Several problems exist with electric pumps however. Electric pumps generally operate less efficiently than mechanically driven fluid pumps. For example, in mechanically driven pumps the drive system is often about 96% efficient in providing power to the pumping assembly. On the other hand, an electric drive system is usually only about 80% efficient in providing power to the pumping assembly. Electric pumps are also usually less reliable than mechanically driven pumps during the operating life of the automotive vehicle. This lower reliability typically occurs because electric pumps are more complicated, thus providing more potential sources of failures. Electric pumps are also the source of more failures because the electric pump is usually mounted to the chassis of the automotive vehicle and is connected to the drivetrain components with fluid hoses and electrical wiring. As a result, these extra hoses and wires become susceptible to damage from being town, worn or cut. In contrast, mechanically driven pumps are often designed to be integral with a drivetrain component, making excess hoses and wires unnecessary. In addition, another problem with electric pumps is the difficulty of designing an electric pump into the electrical system of an automotive vehicle. Typically, automotive vehicles are provided with a 12V electrical system to power a variety of accessories. If an electric motor drivetrain is used in the automotive vehicle, another higher voltage electrical system may be provided for the electric motor. However, the electric pump is not always easily designed into either of these electrical systems because of load and efficiency considerations. One final problem with electric pumps is their cost, which is usually higher in automotive vehicles than mechanical pumps. As is well-known, automotive vehicles are typically produced by manufacturers in high volumes. As a result, mechanically driven pumps are usually less expensive since the capital cost of designing a specially adapted pump can be averaged across a large number of vehicles.

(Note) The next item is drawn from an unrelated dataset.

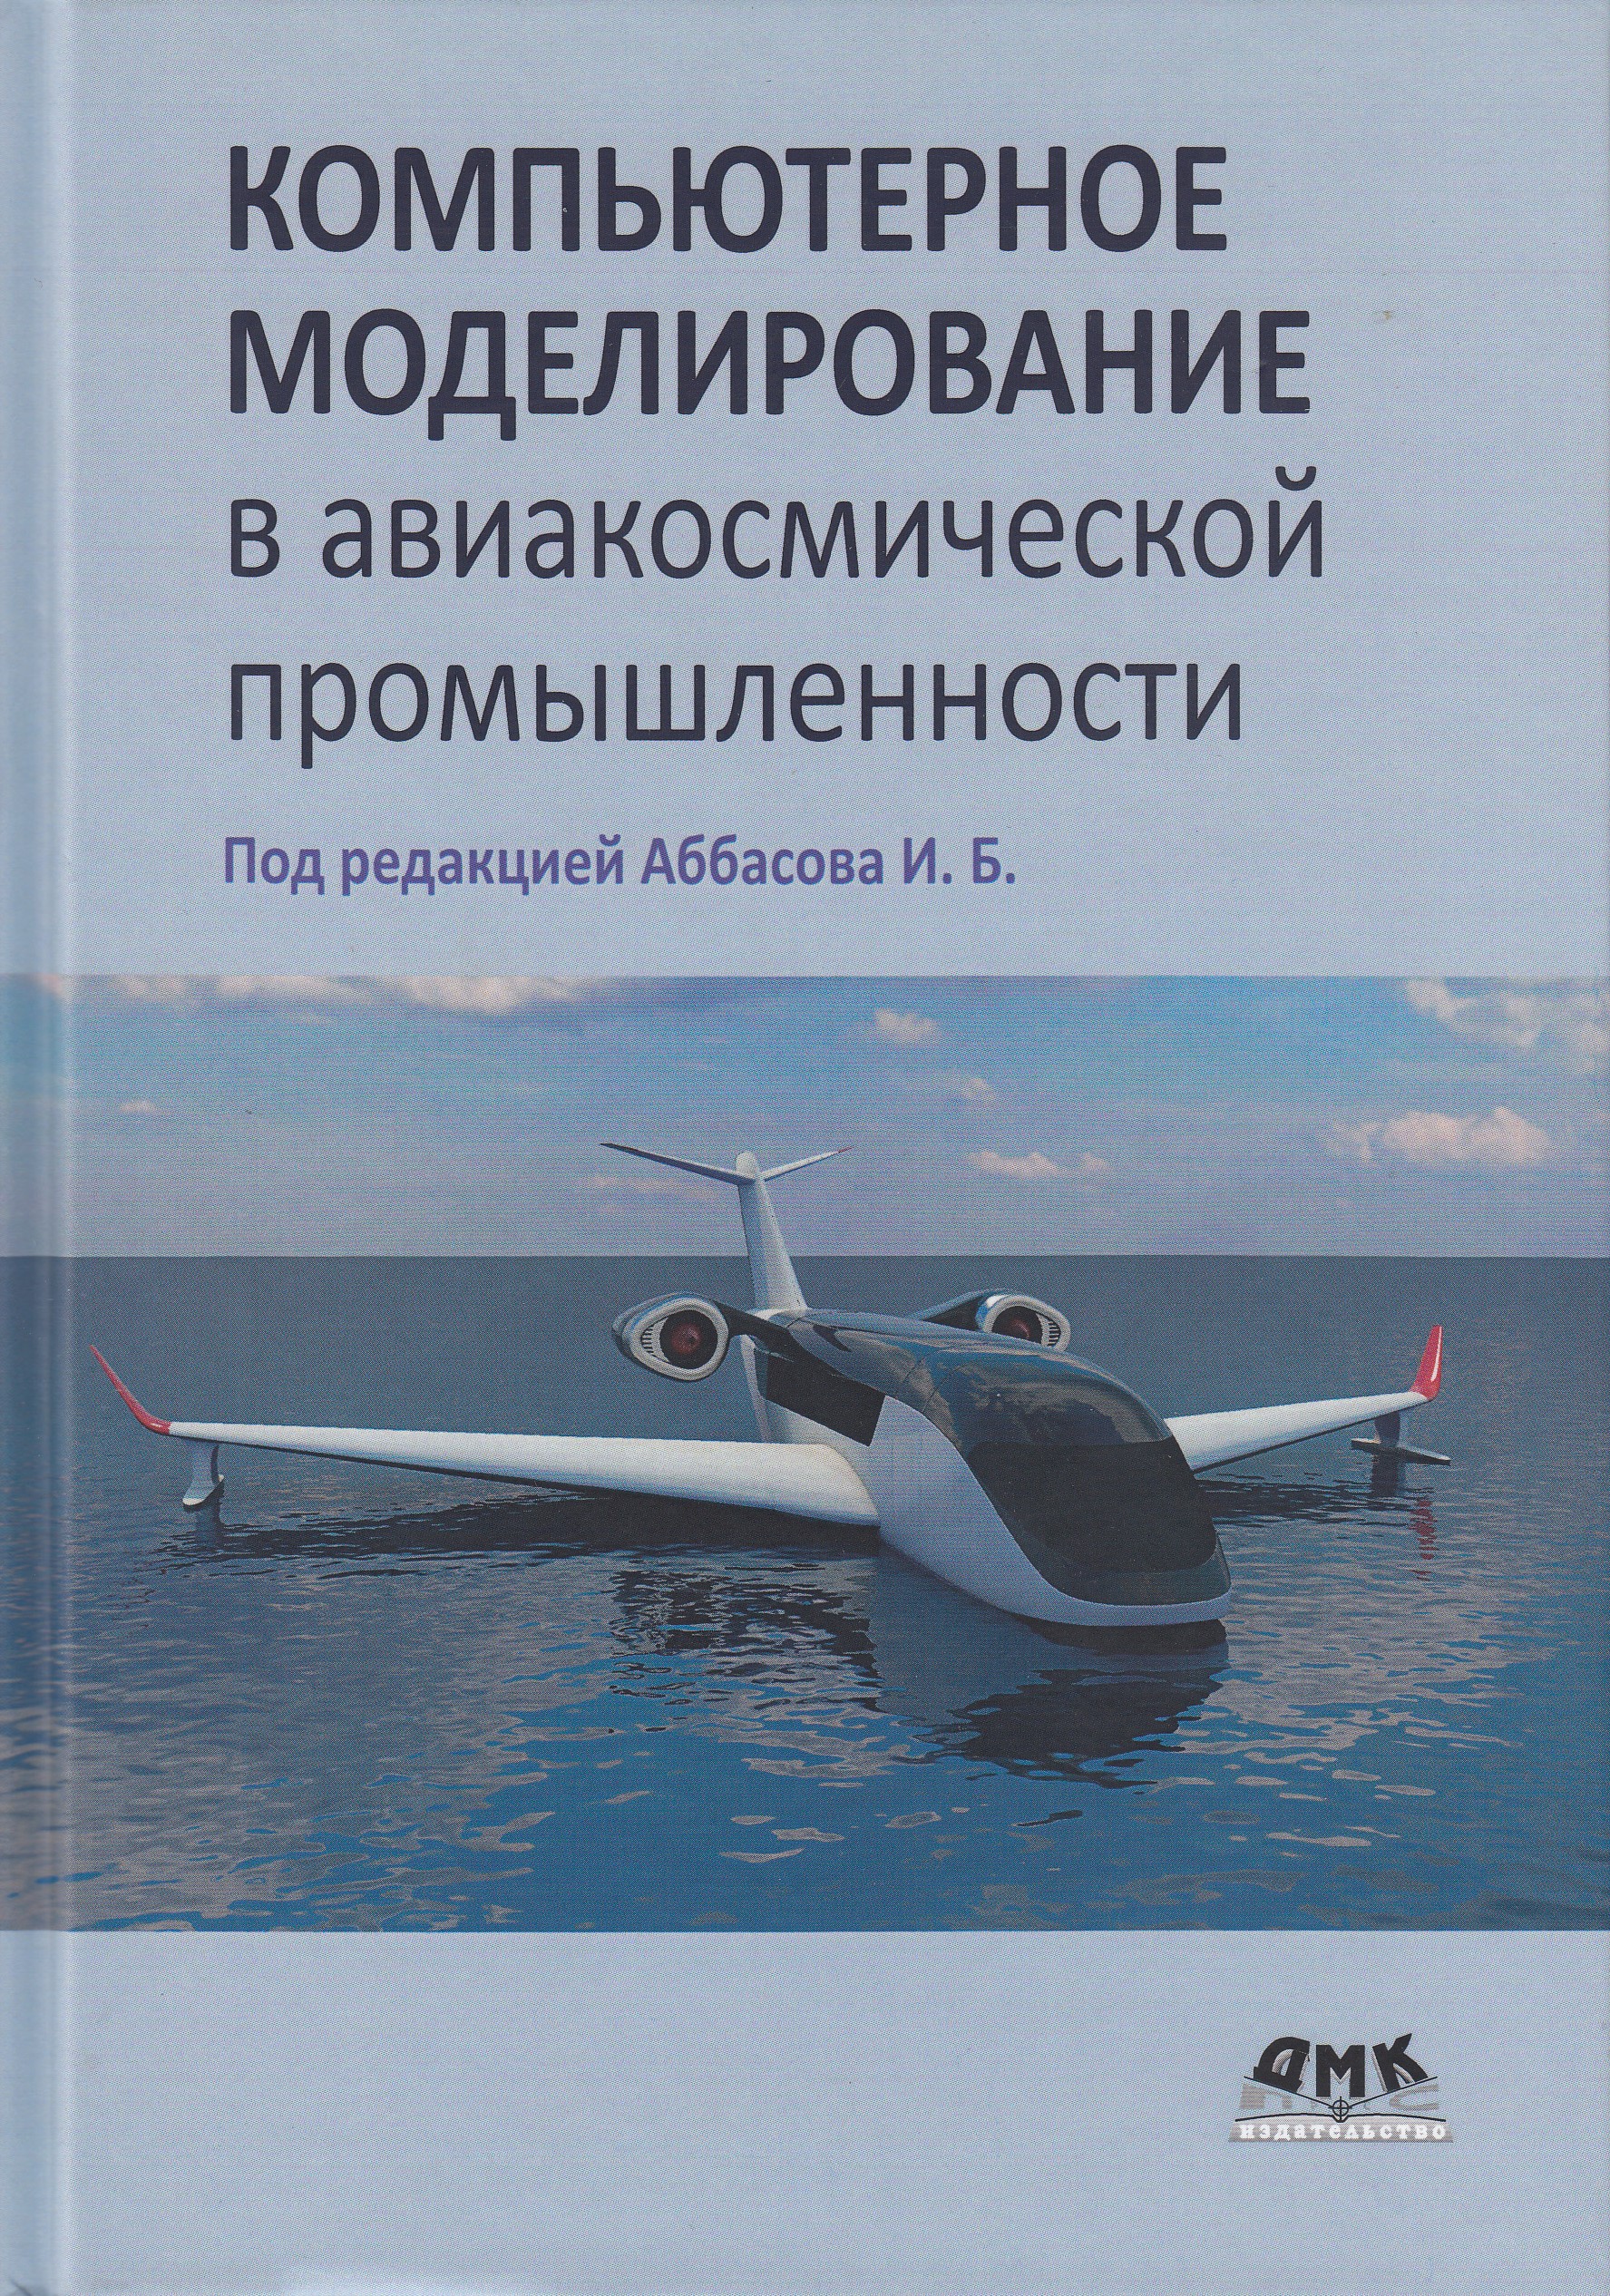 фото Книга компьютерное моделирование в авиакосмической промышленности дмк пресс

Accordingly, a mechanically driven fluid pump is provided for producing a fluid outflow that is not proportional to the speed of the input drive. The pump includes a control valve that directs some of the fluid from the pump assembly to an outflow port and some of the fluid to a diversion port. As the speed of the input drive charges, the position of the valve is altered, thus altering the proportion of fluid directed to the outflow and diversion ports. A mechanical governor that applies centrifugal force to swing arms can be used to alter the position of the control valve proportionately to the speed of the input drive.
Two embodiments of a pump assembly are provided with both embodiments capable of producing fluid flow when the rotational direction of the input drive is reversed. One embodiment is an impeller pump assembly that includes an impeller with forward and reverse impeller sections. When the input drive rotates, one of the impeller sections is sealed by a dividing plate, thus producing fluid flow from one of the impeller sections. Another embodiment is a cam piston pump assembly. The cam piston pump assembly includes a cam attached to the input shaft and a pushrod biased against the cam. The pushrod reciprocates a piston which forces fluid through a control valve.